+++ Recorded information
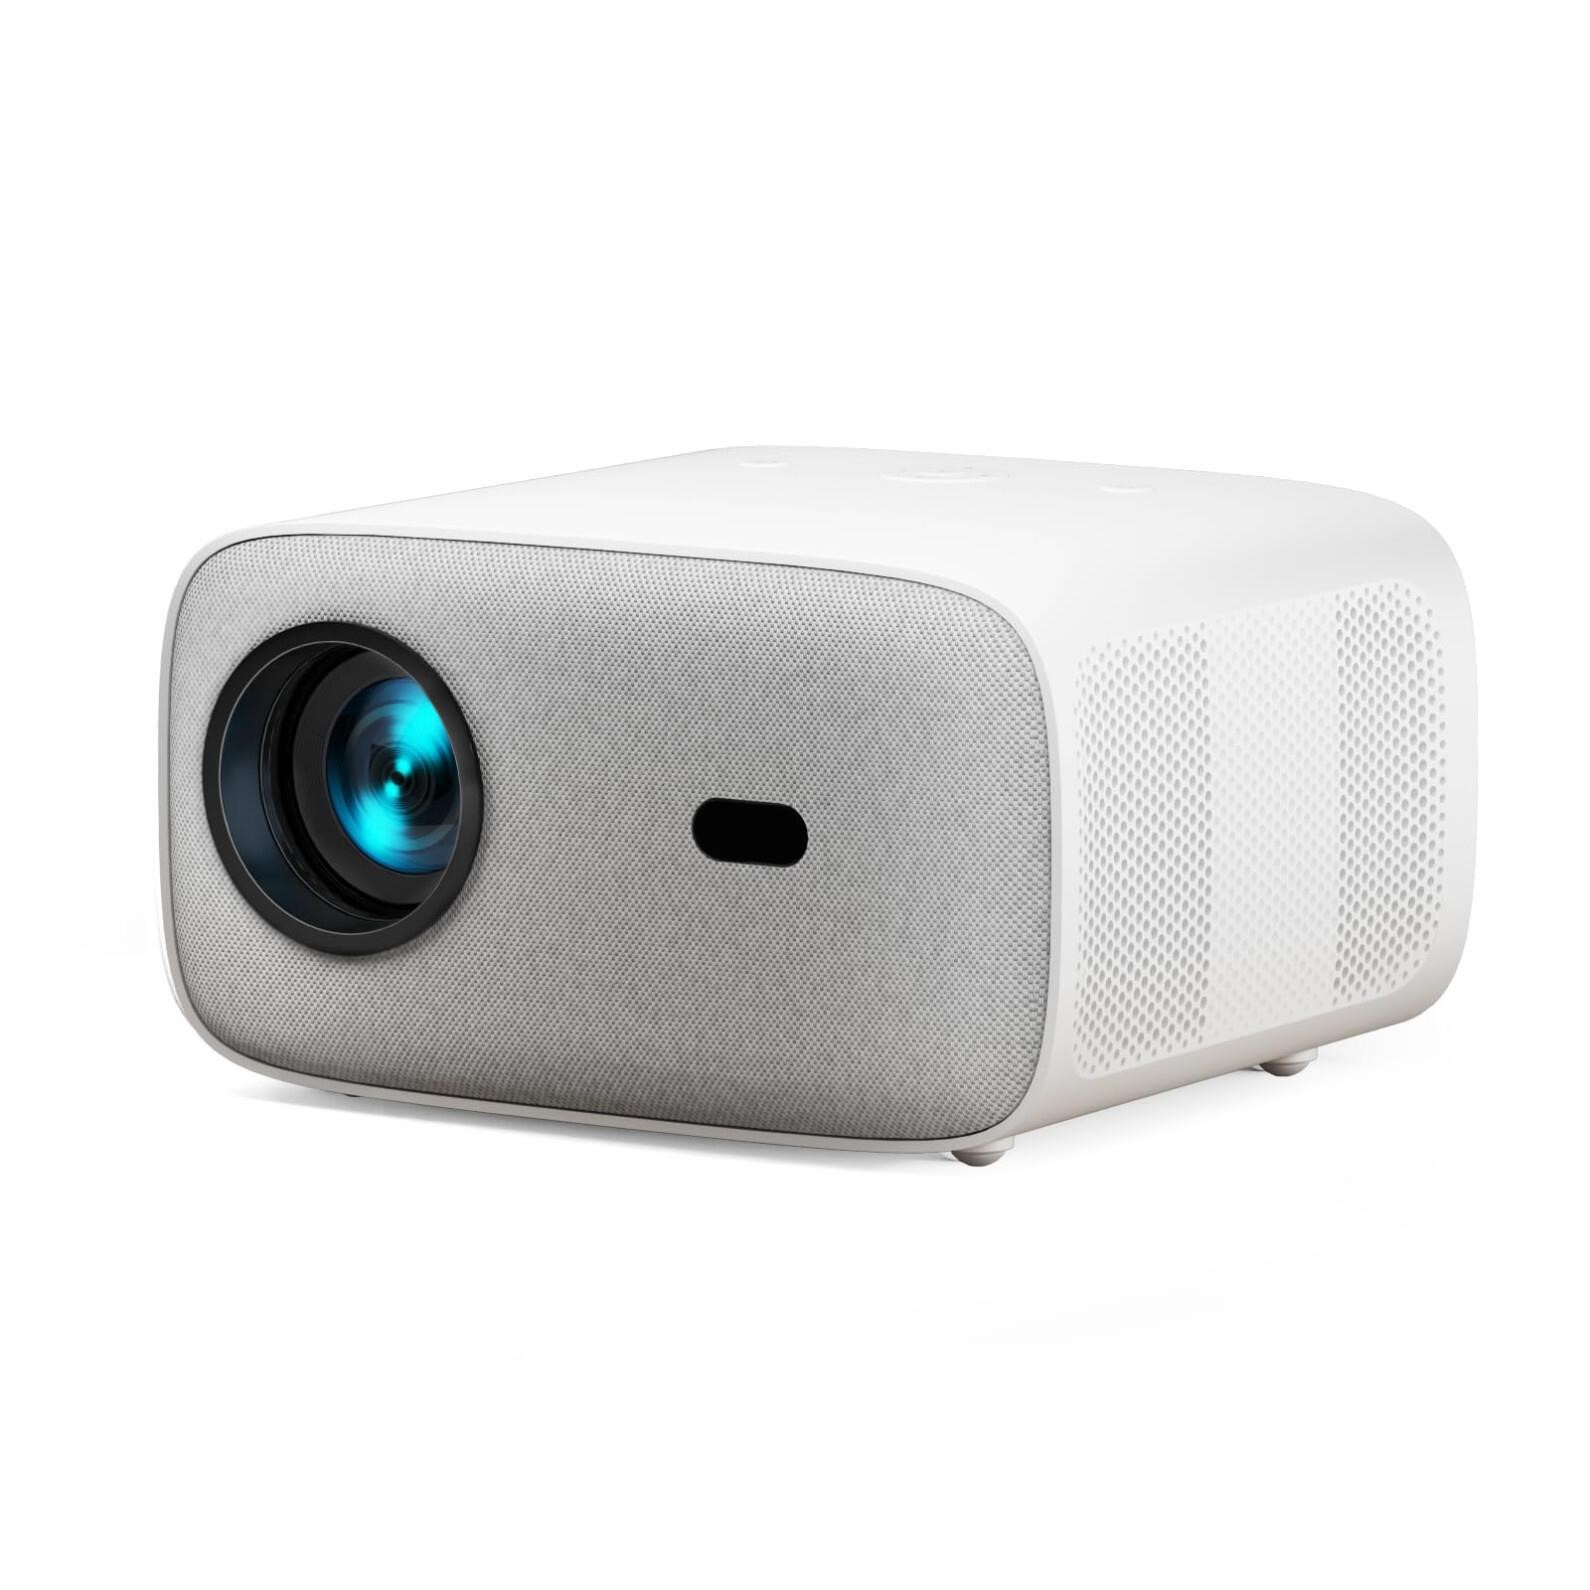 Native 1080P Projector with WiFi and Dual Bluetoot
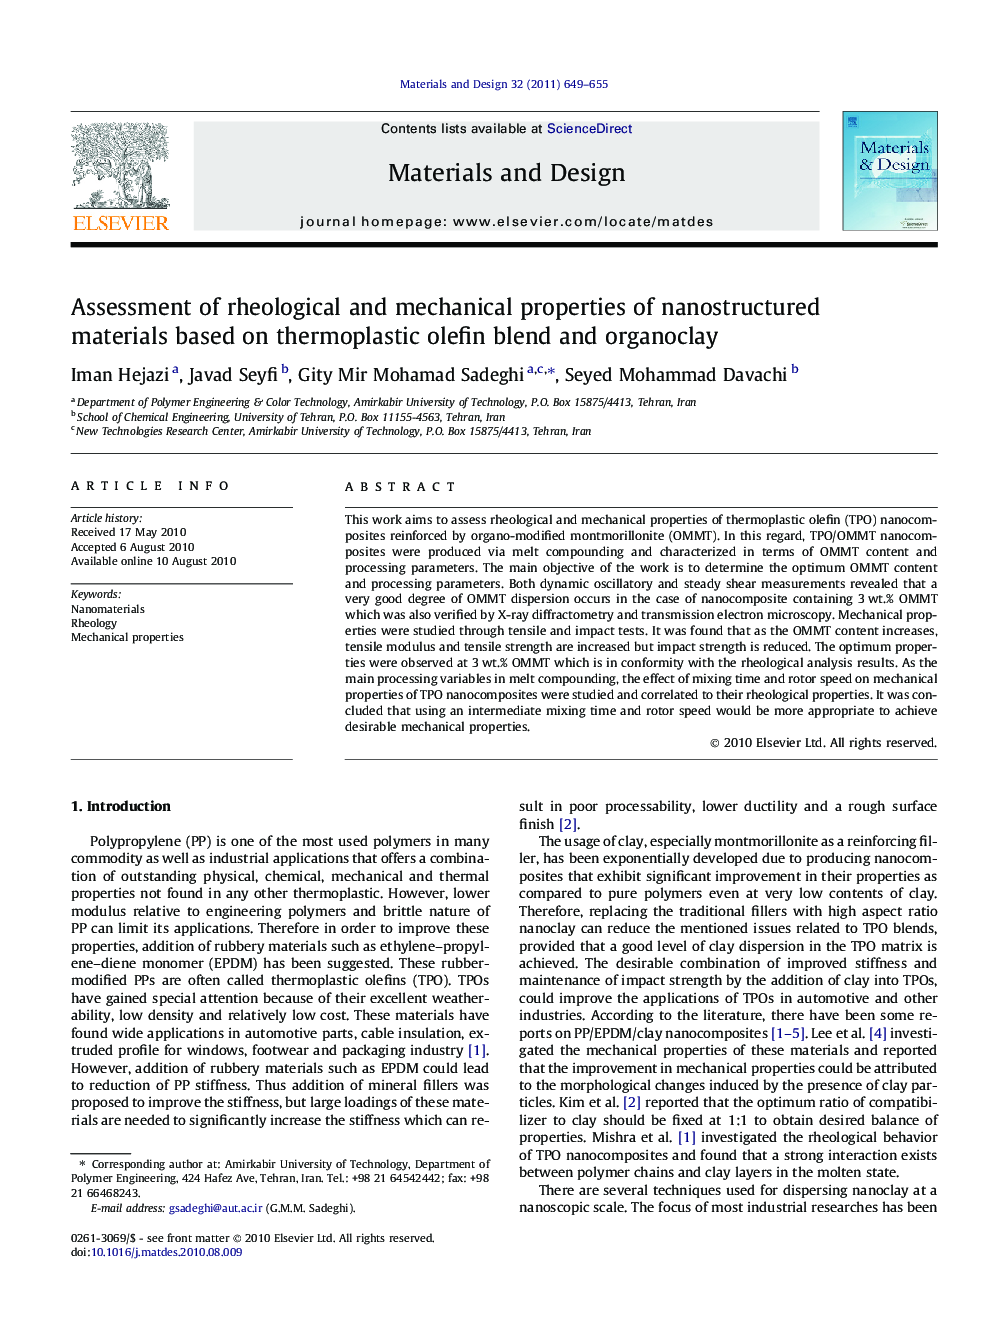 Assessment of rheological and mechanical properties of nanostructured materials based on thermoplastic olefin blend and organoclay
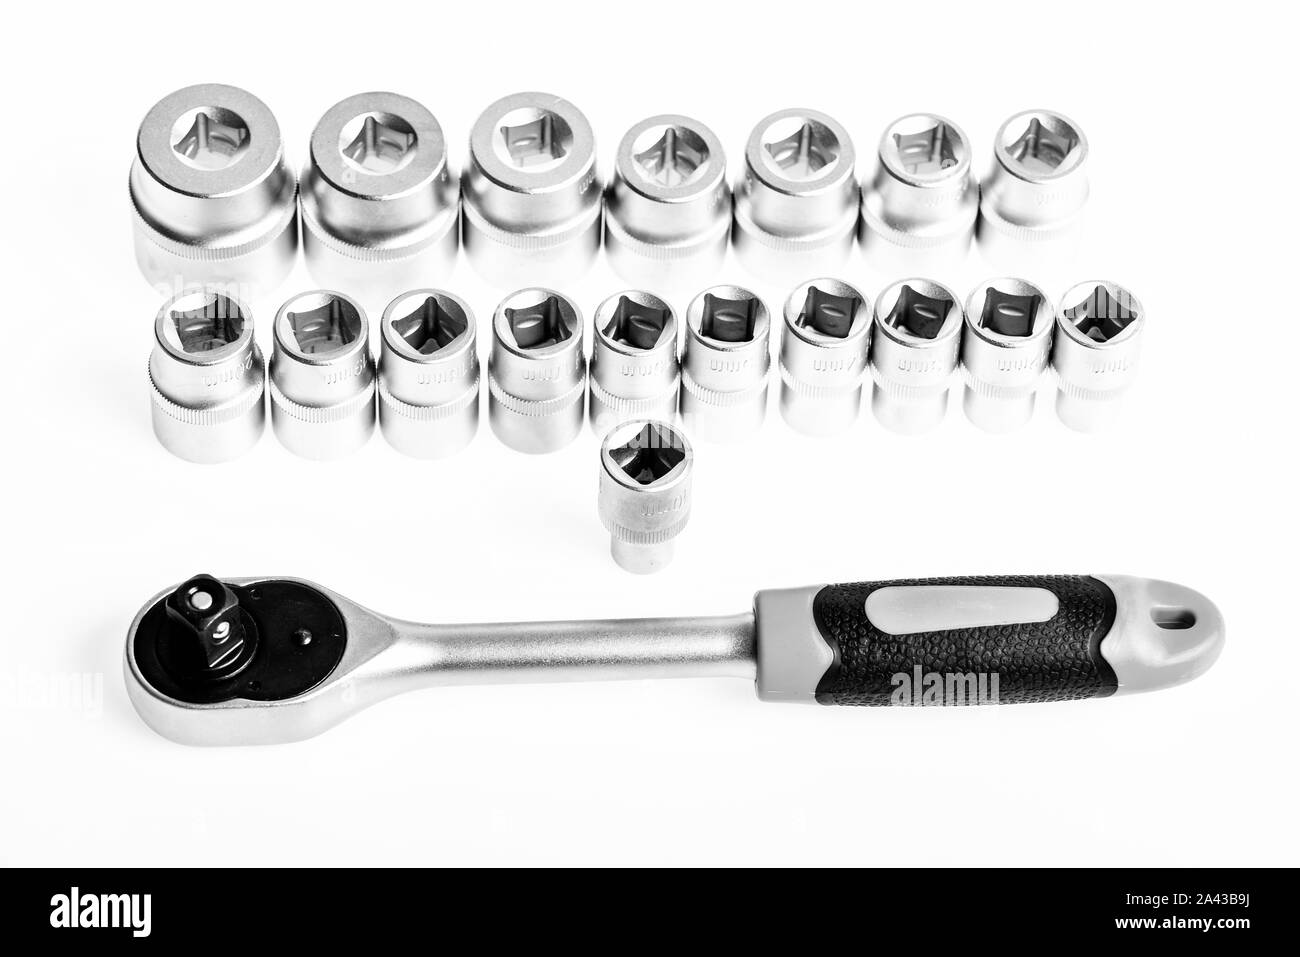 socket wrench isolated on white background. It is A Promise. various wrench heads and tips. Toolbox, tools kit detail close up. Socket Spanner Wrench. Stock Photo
++++++
Exercise prompt: Copy the material above exactly and drop the pictures.

Response area:
 Native 1080P Projector with WiFi and Dual Bluetoot
 Assessment of rheological and mechanical properties of nanostructured materials based on thermoplastic olefin blend and organoclay
 socket wrench isolated on white background. It is A Promise. various wrench heads and tips. Toolbox, tools kit detail close up. Socket Spanner Wrench. Stock Photo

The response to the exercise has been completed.